>>>>

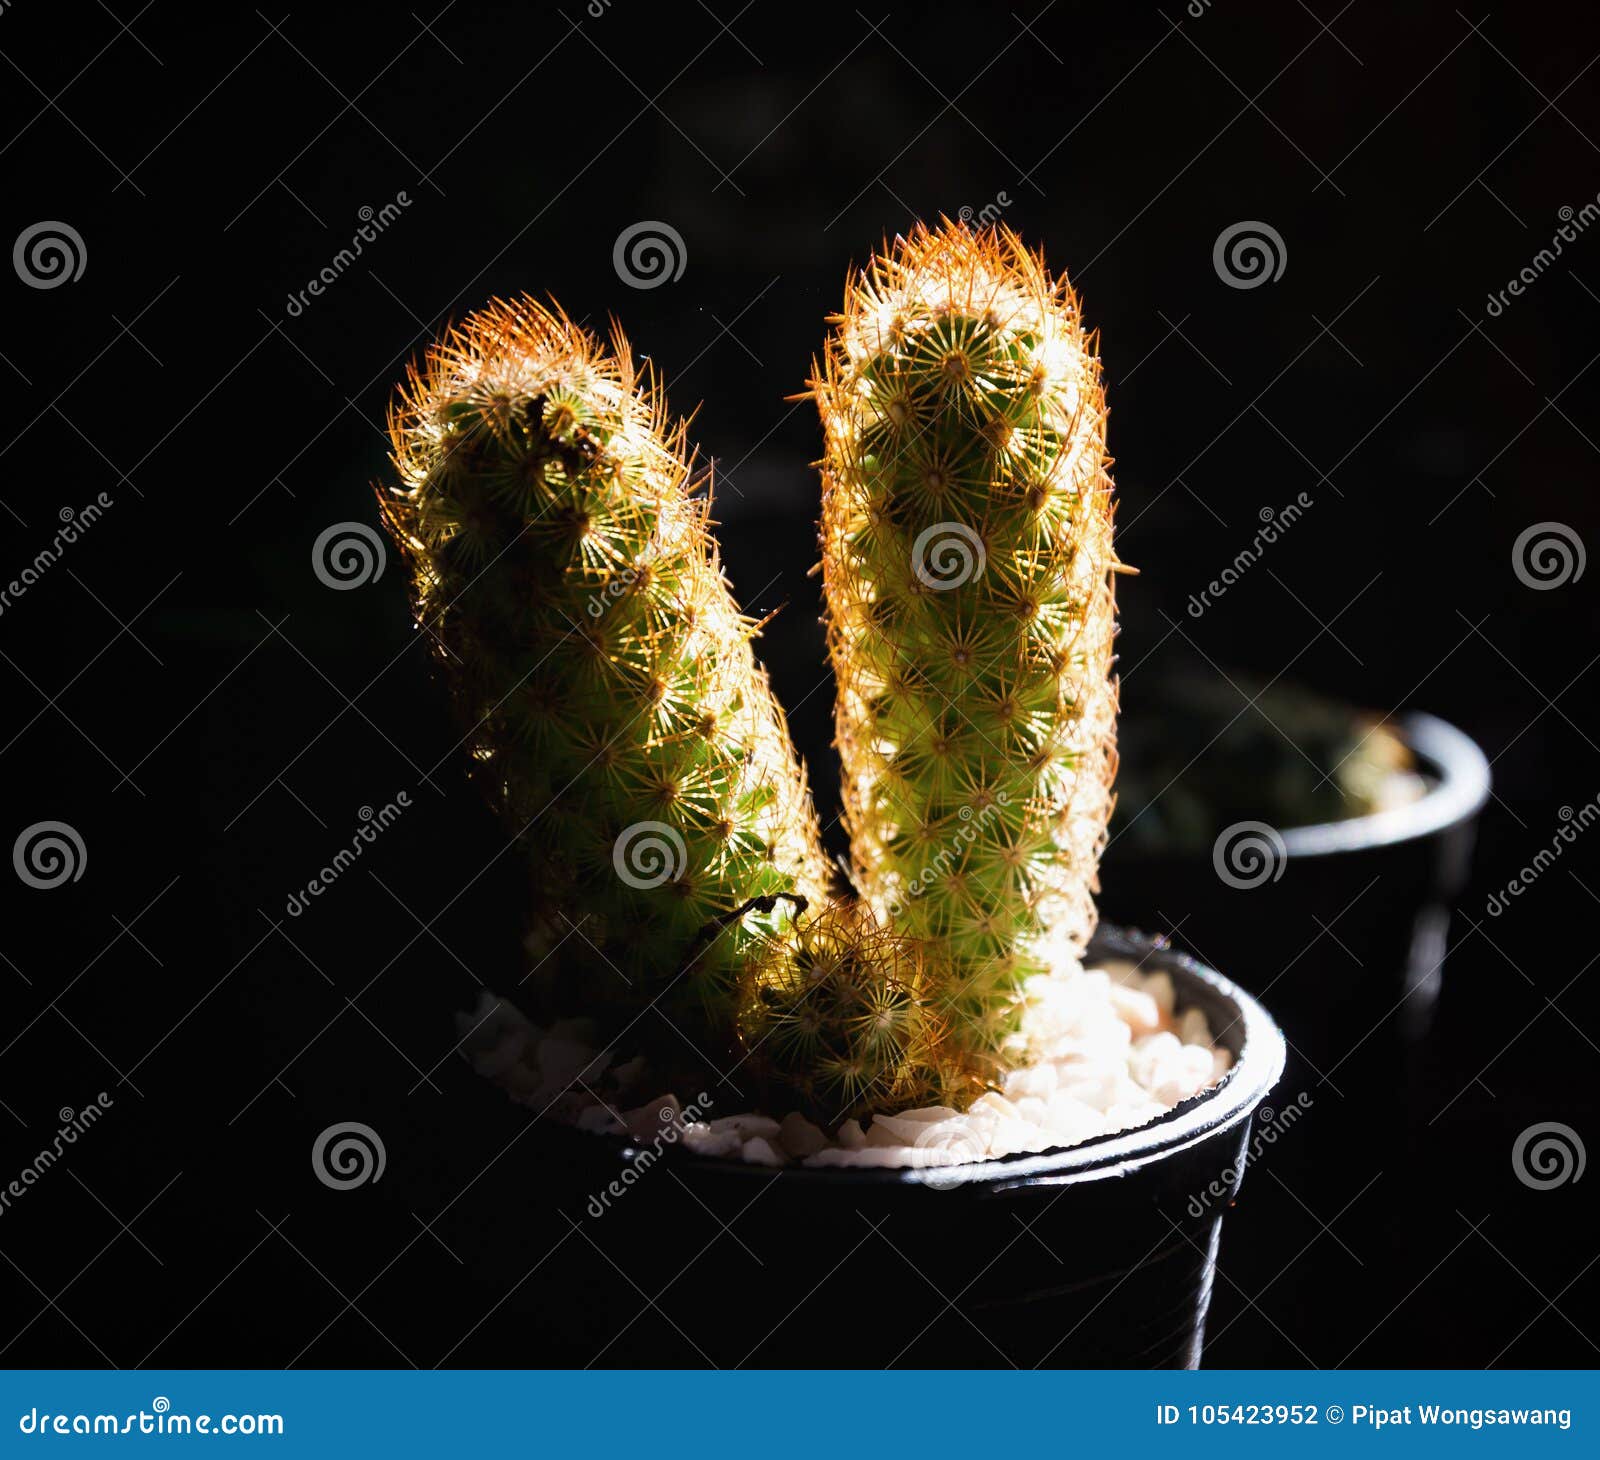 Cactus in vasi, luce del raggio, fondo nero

<<<<
>>>>

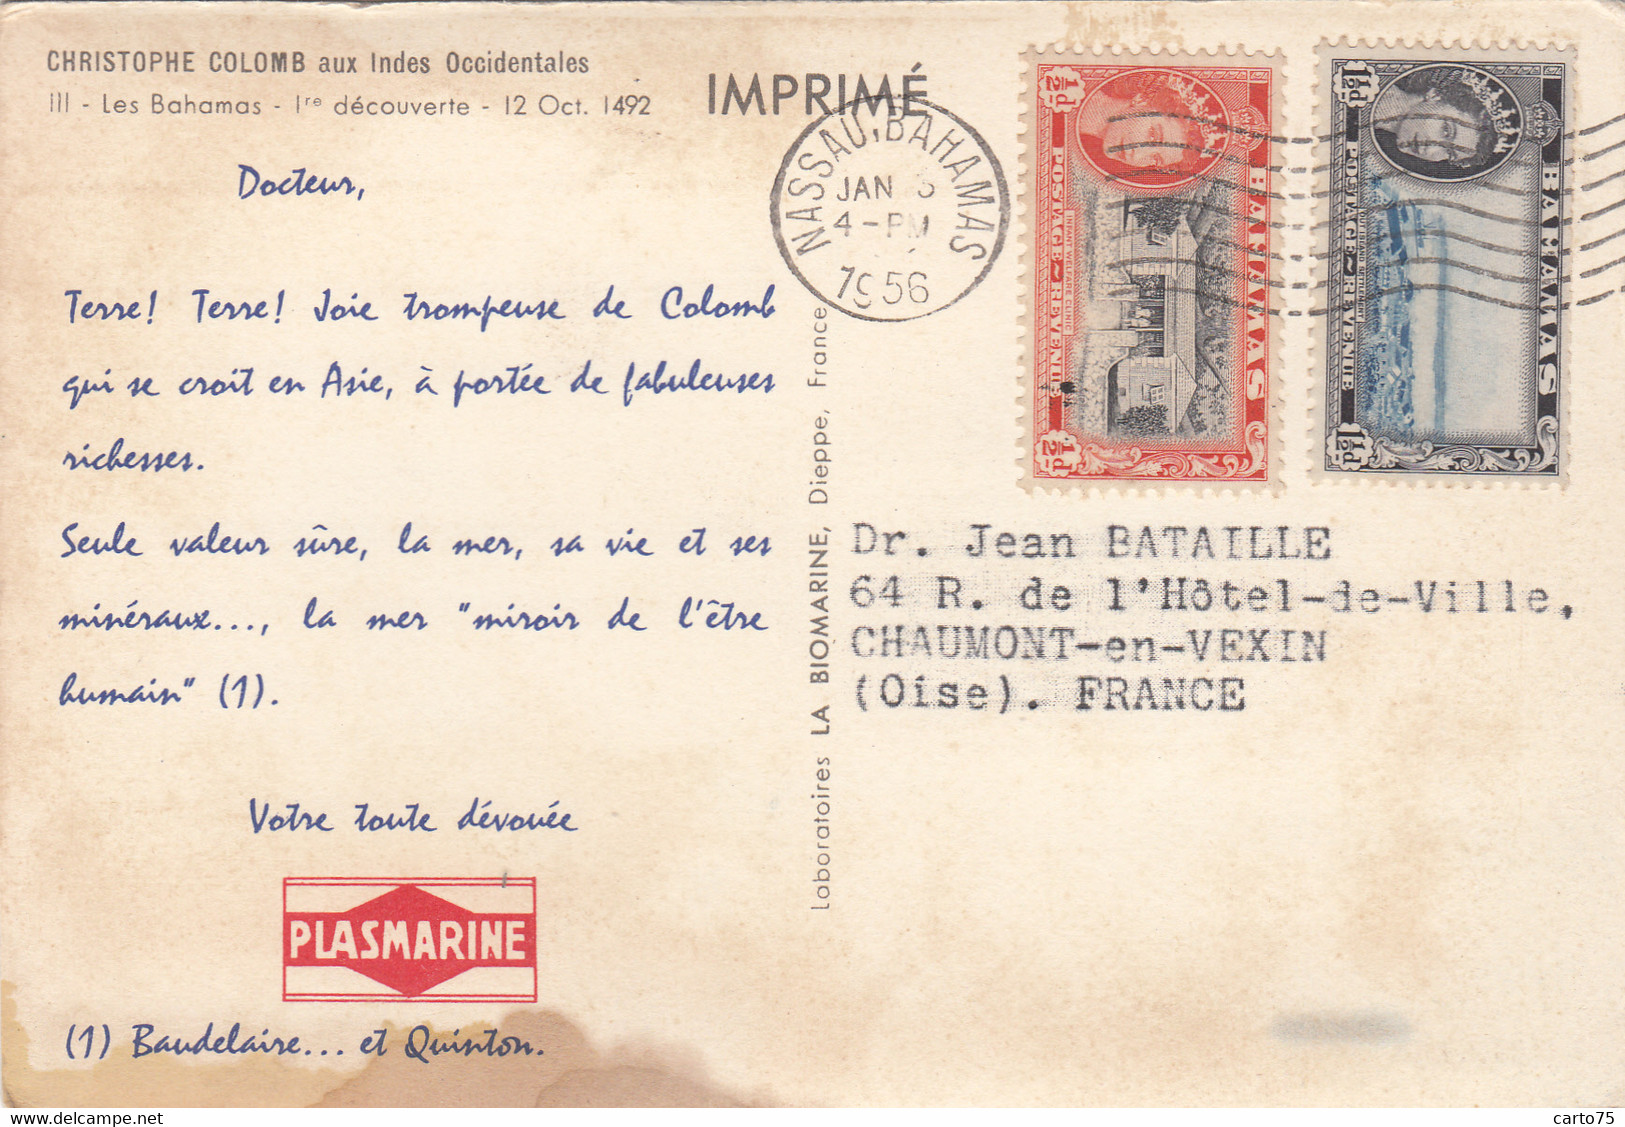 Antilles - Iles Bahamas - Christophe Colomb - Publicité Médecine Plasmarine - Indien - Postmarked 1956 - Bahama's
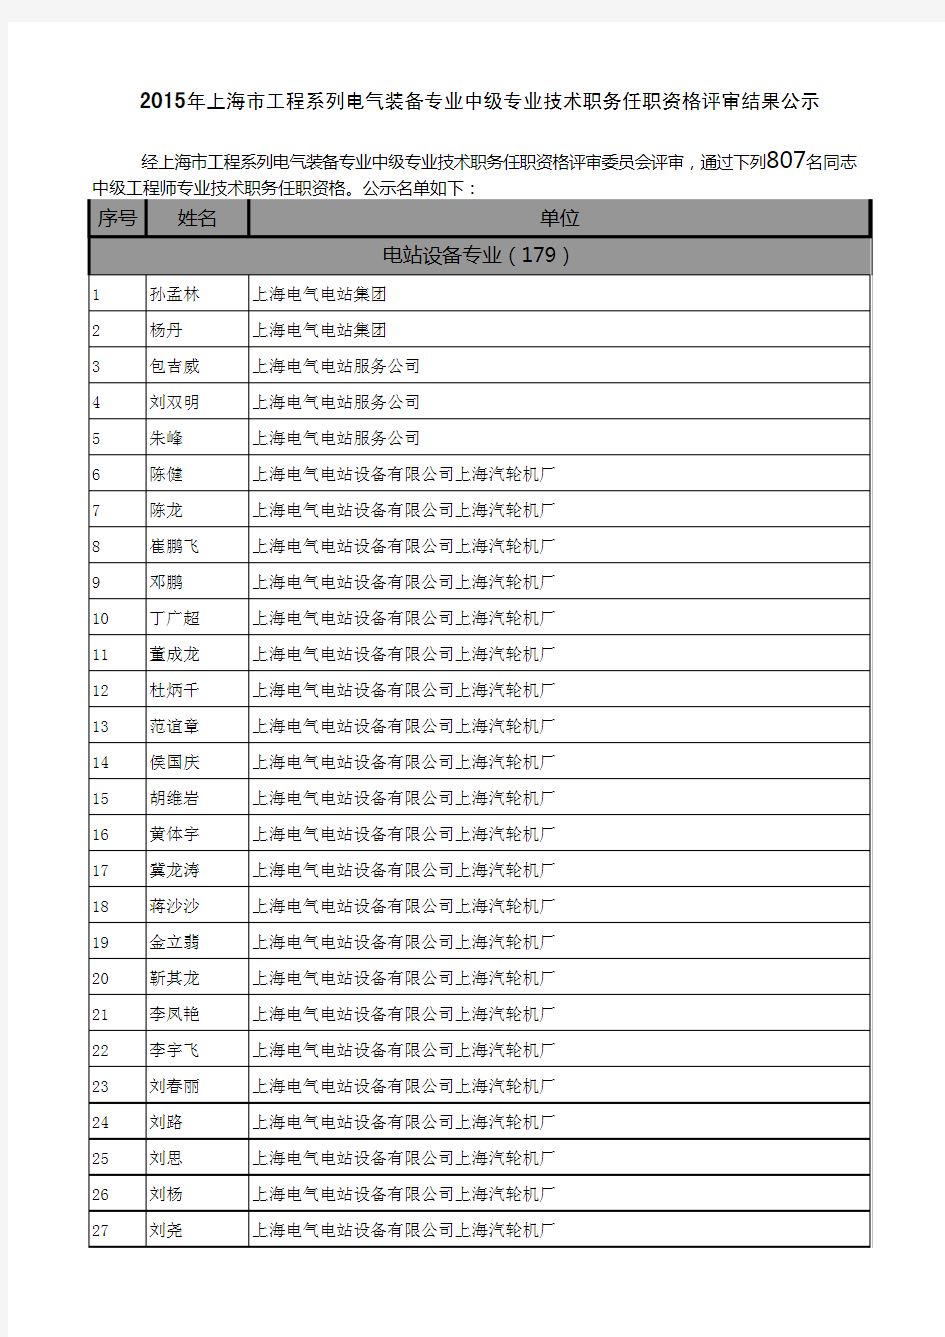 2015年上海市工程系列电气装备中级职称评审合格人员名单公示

<<<<

**Required action**
Could you write out exactly the lines of the data above that run from the one holding "Antilles - Iles" to the one holding "2015年上海市工程系列电气装备中级职称评审合格人员名单公示", with both ends in and all pictures out?

**Expected answer**
 Antilles - Iles Bahamas - Christophe Colomb - Publicité Médecine Plasmarine - Indien - Postmarked 1956 - Bahama's
 2015年上海市工程系列电气装备中级职称评审合格人员名单公示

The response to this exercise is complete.